Using Docker with query modules​
If you are using Docker to run Memgraph you will have to create a volume
and mount it to access the query_modules
directory. This can be done by
creating an empty directory ~modules
and executing the following command:
docker volume create --driver local --opt type=none --opt device=~modules --opt o=bind modules
Now, you can start Memgraph and mount the created volume:
docker run -it --rm -v modules:/usr/lib/memgraph/query_modules -p 7687:7687 memgraph
Everything from the directory /usr/lib/memgraph/query_modules
will be
visible/editable in your mounted modules
volume and vice versa.
Python API​
Query modules can be implemented using the Python API provided by Memgraph.
If you wish to write your own query modules using the Python API, you need
to have Python version 3.5.0
or above installed.
Let's take a look at the py_example.py
file.
import mgp
On the first line, we import the mgp
module, which contains definitions of the
public Python API provided by Memgraph. In essence, this is a wrapper around the
C API described in the next section. This file (mgp.py
) can be found in
the Memgraph installation directory, under python_support
. On the standard
Debian installation, this will be under /usr/lib/memgraph/python_support
.
Next, we have a procedure
function.

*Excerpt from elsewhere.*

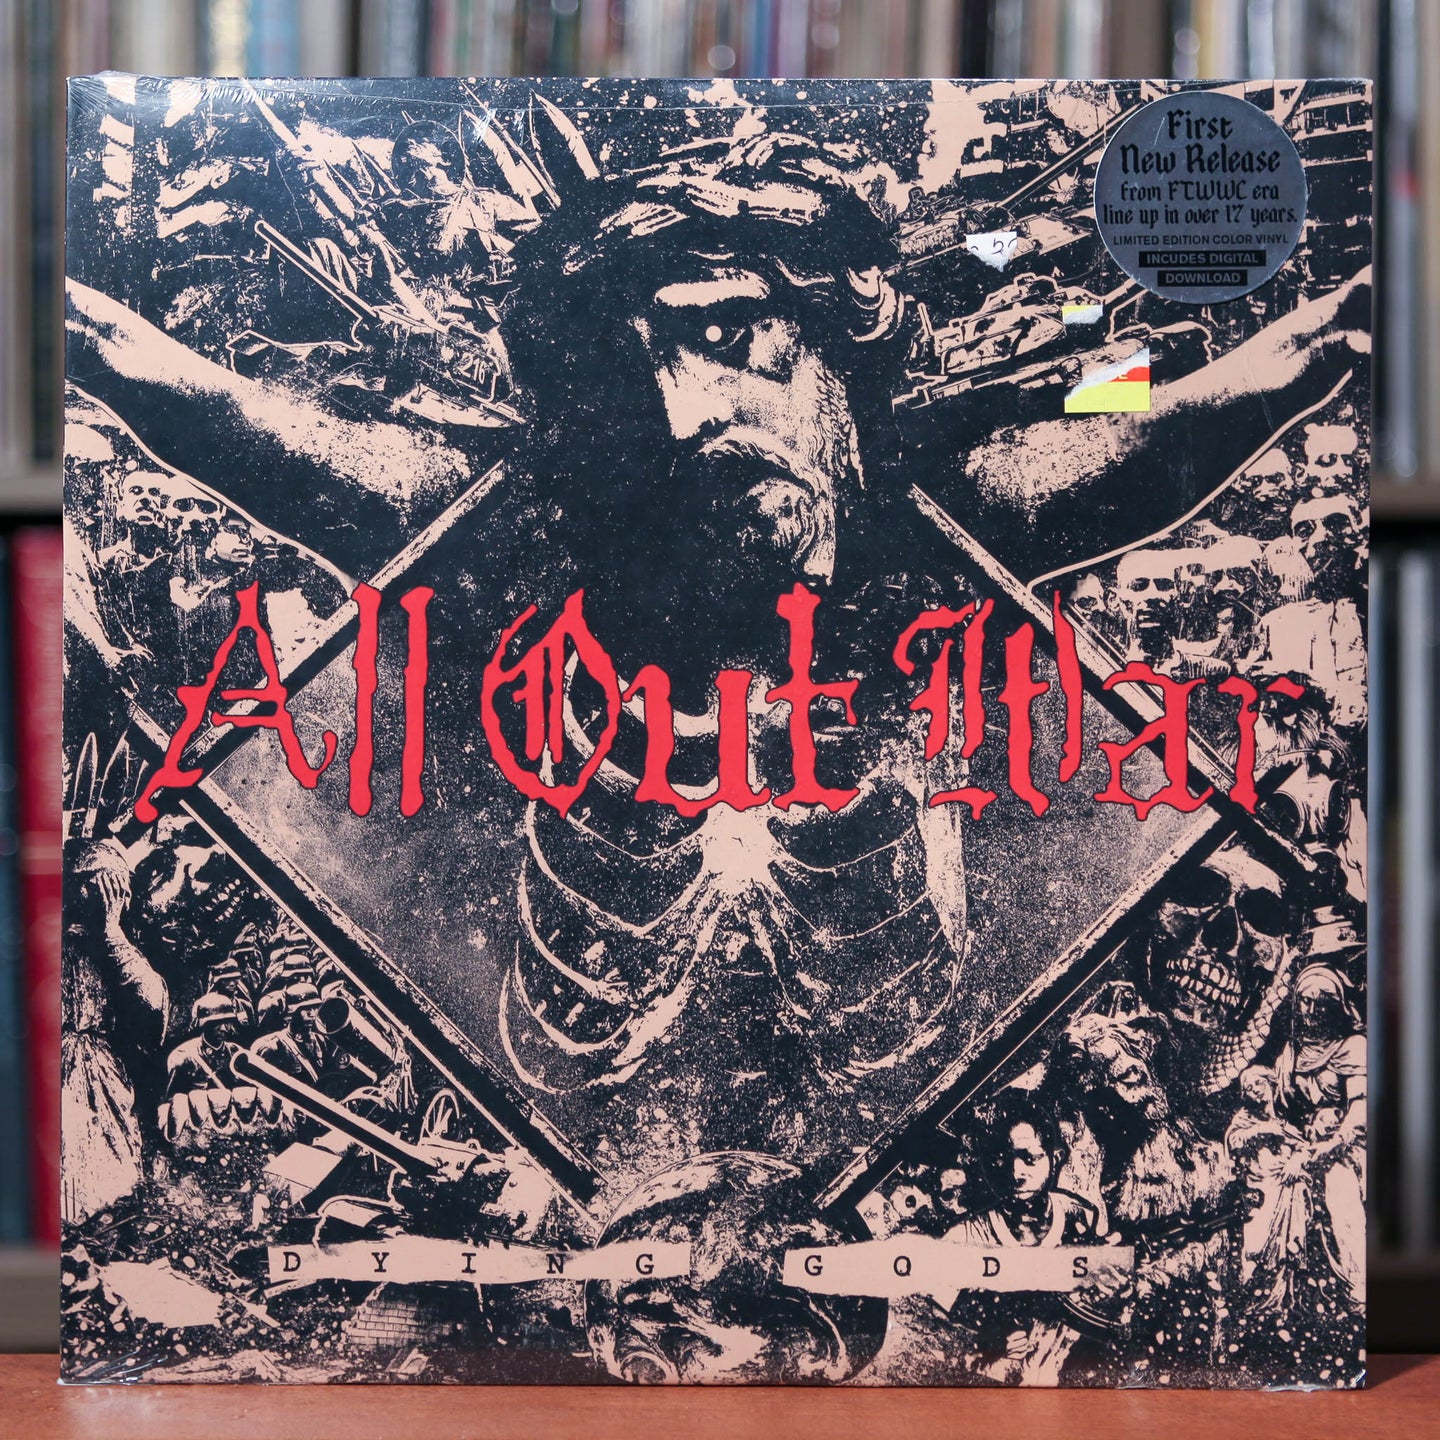 All Out War - Dying Gods - 2015 Organized Crime Records, SEALED

This function will serve as the callback
for our py_example.procedure
invocation through openCypher.
@mgp.read_proc
def procedure(context: mgp.ProcCtx,
required_arg: mgp.Nullable[mgp.Any],
optional_arg: mgp.Nullable[mgp.Any] = None
) -> mgp.Record(args=list,
vertex_count=int,
avg_degree=mgp.Number,
props=mgp.Nullable[mgp.Map]):
...
This procedure needs to be callable which optionally takes ProcCtx
as the
first argument. Other arguments will be bound to values passed in the
cypher query. The full signature of this procedure needs to be annotated
with types. The return type must be Record(field_name=type, ...)
and the
procedure must produce either a complete Record
or None
. As you can see,
the procedure is passed to a read_proc
decorator which handles read-only
procedures. You can also inspect the definition of said decorator in the
mgp.py
file or take a look at the Python API reference guide.
In our case, the example procedure returns 4 fields:
args
: a copy of arguments passed to the procedure.vertex_count
: number of vertices in the database.avg_degree
: average degree of vertices.props
: properties map of the Vertex or Edge object passed inrequired_arg
. In case a Path instance is passed, the procedure returns the properties map of the starting vertex.
This procedure can be invoked in openCypher as follows:
MATCH (n) WITH n LIMIT 1 CALL py_example.procedure(n, 1) YIELD * RETURN *;
The following lines create the properties map for a received Edge, Vertex or Path instance:
if isinstance(required_arg, (mgp.Edge, mgp.Vertex)):
props = dict(required_arg.properties.items())
elif isinstance(required_arg, mgp.Path):
start_vertex, = required_arg.vertices
props = dict(start_vertex.properties.items())
As you can see, in the case of mgp.Edge
and mgp.Vertex
, we obtain an
instance of mgp.Properties
class which holds the respective properties by
accessing the properties
property of our mgp.Edge
or mgp.Vertex
instance.
Once we have access to mgp.Properties
instance, we can simply invoke the
items()
method which returns an Iterable
that contains mgp.Property
objects. Since the type of mgp.Property
is a simple collections.namedtuple
containing name
and value
, we can easily pass it to a dict
constructor.
We go on to counting the number of vertices and edges in our graph:
vertex_count = 0
edge_count = 0
for v in context.graph.vertices:
vertex_count += 1
edge_count += sum(1 for e in v.in_edges)
edge_count += sum(1 for e in v.out_edges)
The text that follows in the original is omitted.